When in orbit, a satellite is 'falling' with an accelerating velocity as per the simple gravity formula. Yet the earth is 'dropping' away from the satellite at a constant rate since it is spherical. This means that the 'left over' value between those two rates should cause the satellite to eventually 'gain' on the earth and come nearer, rather than remain at a constant distance. Therefore the only other force that can compensate for that left over velocity is centrifugal force.

Do I have this correct? If not, can someone explain it to me please.

tex

## Answers and Replies

Jonathan Scott
Gold Member
When in orbit, a satellite is 'falling' with an accelerating velocity as per the simple gravity formula. Yet the earth is 'dropping' away from the satellite at a constant rate since it is spherical. This means that the 'left over' value between those two rates should cause the satellite to eventually 'gain' on the earth and come nearer, rather than remain at a constant distance. Therefore the only other force that can compensate for that left over velocity is centrifugal force.

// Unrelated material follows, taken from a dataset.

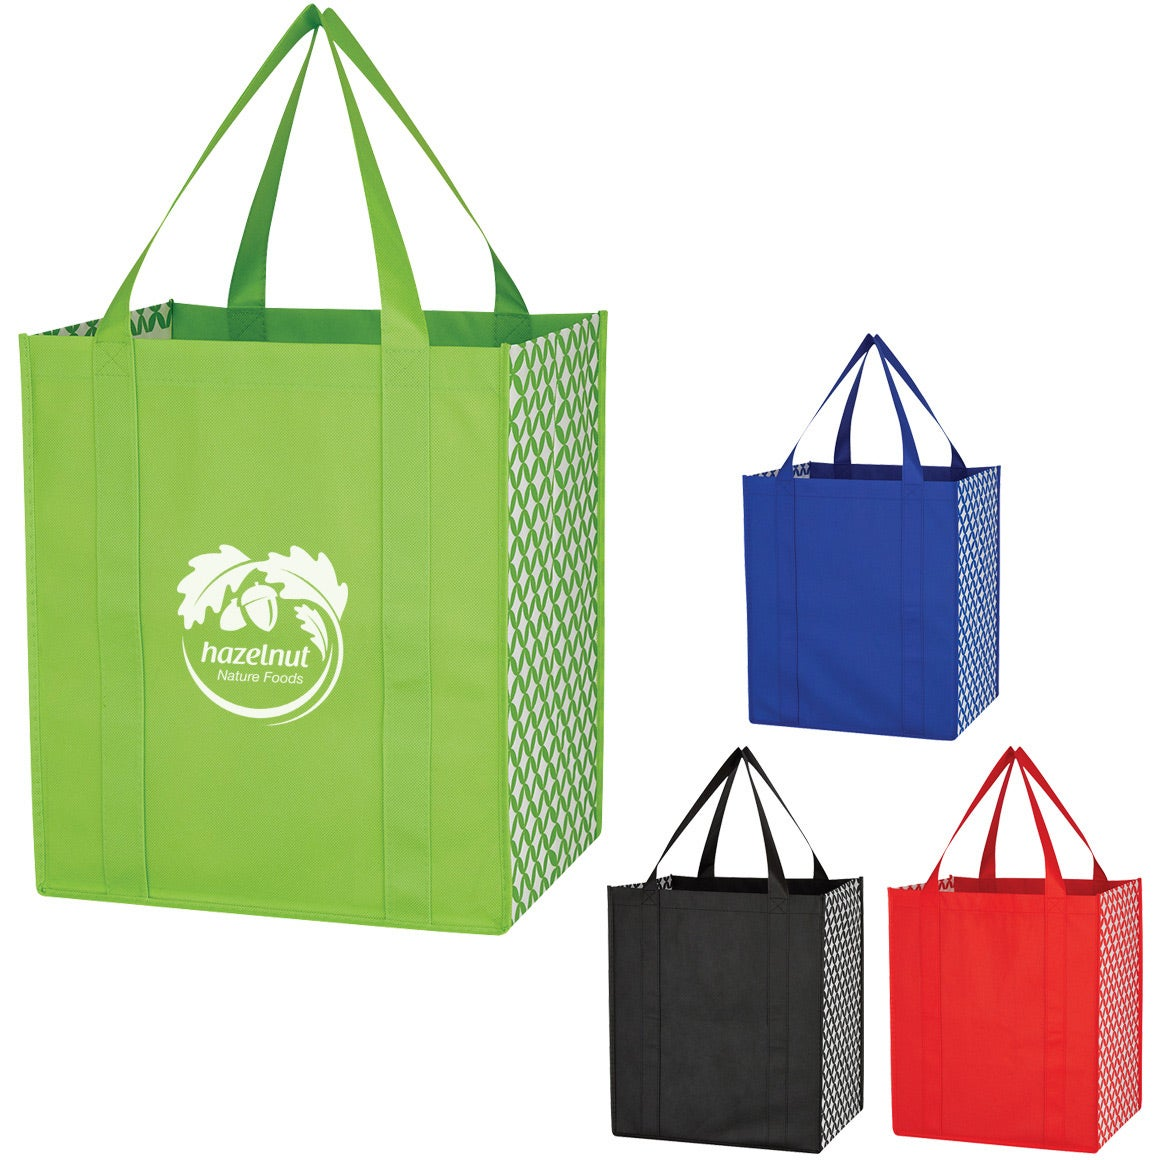 Non-Woven Frequent Shopper Tote Bag

Do I have this correct? If not, can someone explain it to me please.

tex

I don't understand exactly what you're saying, but it seems quite mixed up. If you move in a straight line past a spherical surface, it drops away at a steadily increasing rate, not at a constant rate, in that the angle of dropping away is proportional to the circumferential distance travelled. Similarly, a satellite being accelerated by gravity has a downwards component of velocity which increases at a steadily increasing rate. When those rates match, you get a circular orbit (when you also take into account the fact that the downwards direction changes as you progress around the orbit).

The curve that represents the path taken by a falling object (the satellite) is a parabola I believe. The curve representing the 'fall' of the surface of the earth is a circle (the sphere).

[PLAIN]http://www.longviewbluegrass.com/parabola.jpg [Broken]

The two curves will never match. In fact if a rifleman shoots a bullet, regardless of the speed of the bullet, the only way it wont hit the ground if the ground falls away at or greater than the rate at which the bullet is falling.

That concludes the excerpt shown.